A latent hazard is defined to be a hazard that is not known to the stevedore and that would be neither obvious to nor anticipated by a skilled stevedore in the competent performance of its work. Howlett v. Birkdale Shipping Co.. S.A., 512 U.S. 92, 105-06, 114 S.Ct. 2057, 2067, 129 L.Ed.2d 78 (1994). If a hazardous condition is obvious when the stevedore assumes control of the cargo operation, the vessel has no duty to warn the individual longshoremen, even if the condition is not obvious to the longshoremen. Bjaranson v. Botelho Shipping Corp. Manila, 873 F.2d 1204, 1209 n. 7 (9th Cir.1989) (the lack of handholds and handrails on a ladder was obvious in daylight when the stevedore assumed control, even though the longshoreman could not see the ladder design at night).

The burden of proving actionable negligence under these standards is on the longshoreman. Id. at 1208. In admiralty, whether an “obvious” hazard presents an unreasonably dangerous condition to experienced longshoremen exercising reasonable care is usually a question for the trier of fact. Thomas v. Newton Int’l Enters., 42 F.3d 1266, 1269 (9th Cir.1994).

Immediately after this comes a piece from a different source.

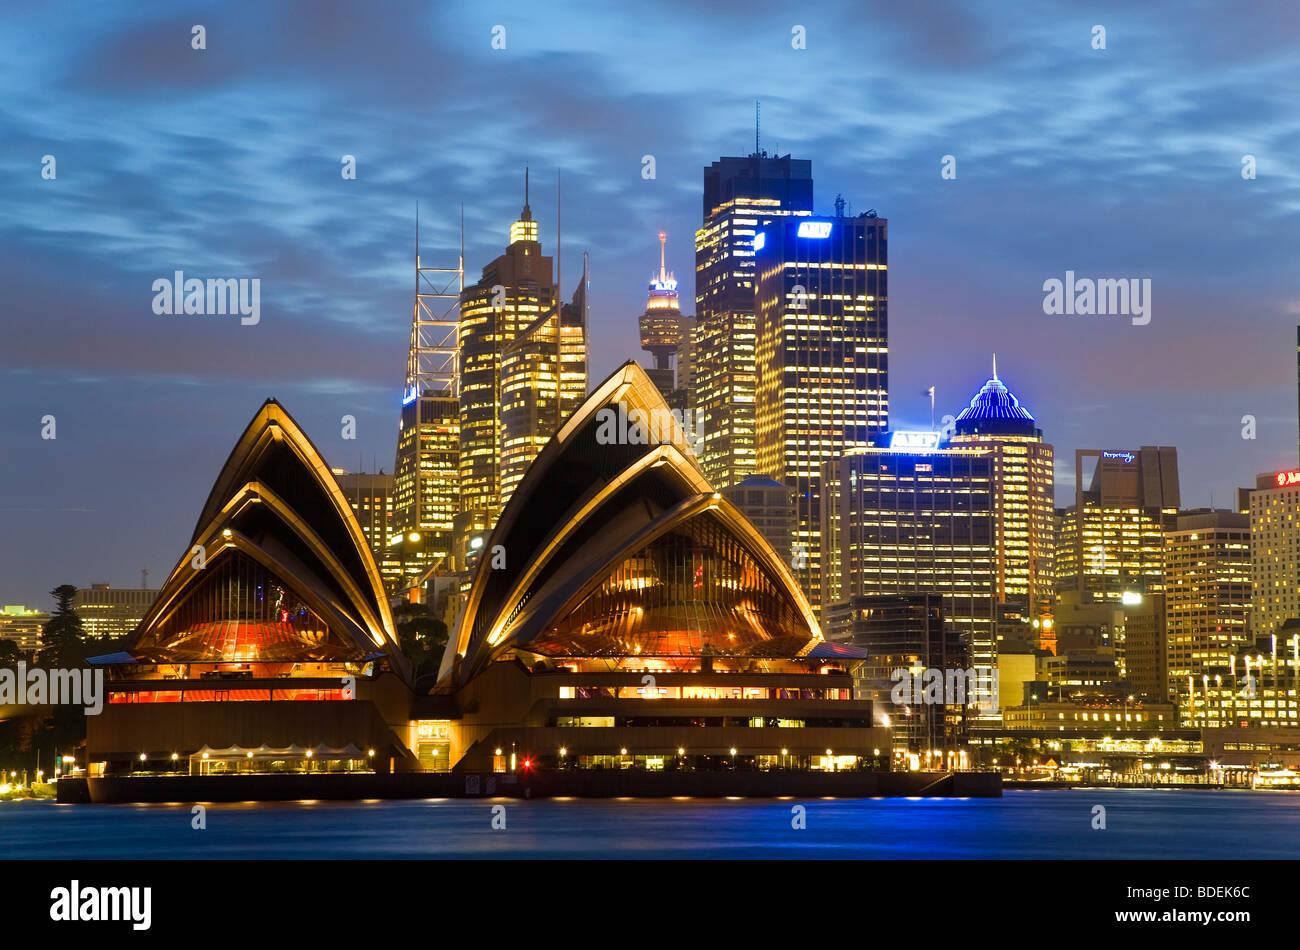 Australia, Sydney, vistas del puerto de Sydney en Sydney Opera House & skyline al atardecer Imagen De Stock
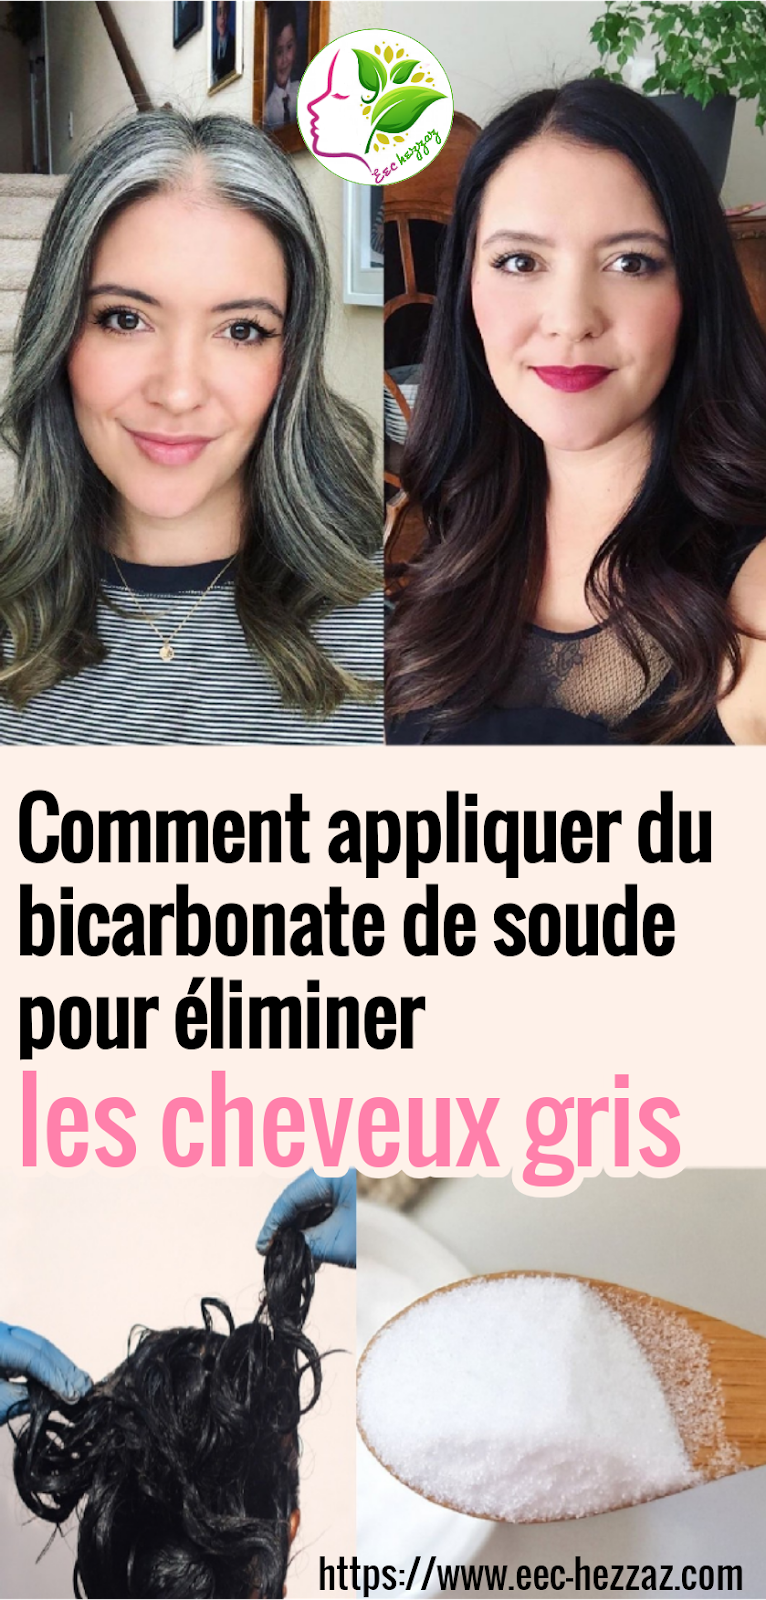 Comment appliquer du bicarbonate de soude pour éliminer les cheveux gris

There are genuine issues of material fact that preclude the grant of summary judgment to either party. Larsen and Villanueva both state that they did not lower the metal grating into a horizontal position. They both state or imply that the workers under them control, the crew in the ease of Villanueva and the longshoremen in the case of Larsen, did not lower the metal grating. Villanueva contends that a longshoreman lowered the metal grating; Larsen implies that a crew member lowered the metal grating, possibly before the vessel was turned over to the stevedore. Villanueva states that the metal grating was in an upright position when the vessel arrived in Portland. Larsen states he did not notice the metal grating in an upright position, and that if he had noticed it in an upright position, he would have reported the hazard to the vessel and asked for its correction. Velissaratos states that the metal grating has never been welded. Larsen states that the metal grating has a defective weld which allowed it to slide out of place. In short, there are factual issues as to the position of the metal grating when the M/V SEABRAND arrived in Portland and was turned over to the stevedore, the identity of the person who put the metal grating in a horizontal position; and the condition of the metal grating. These issues must be decided by the trier of fact, which also must determine whether the vessel breached any of the duties it owed to Gonnuscio. The *531motions for summary judgment filed by both parties are denied.

CONCLUSION

Gonnuscio’s motion for summary judgment (#41) is denied. Seabrand’s cross-motion for summary judgment (#47) is denied. Gonnuscio’s motions to strike the statement of Villanueva and the declarations of Vazeos and Velissaratos are denied.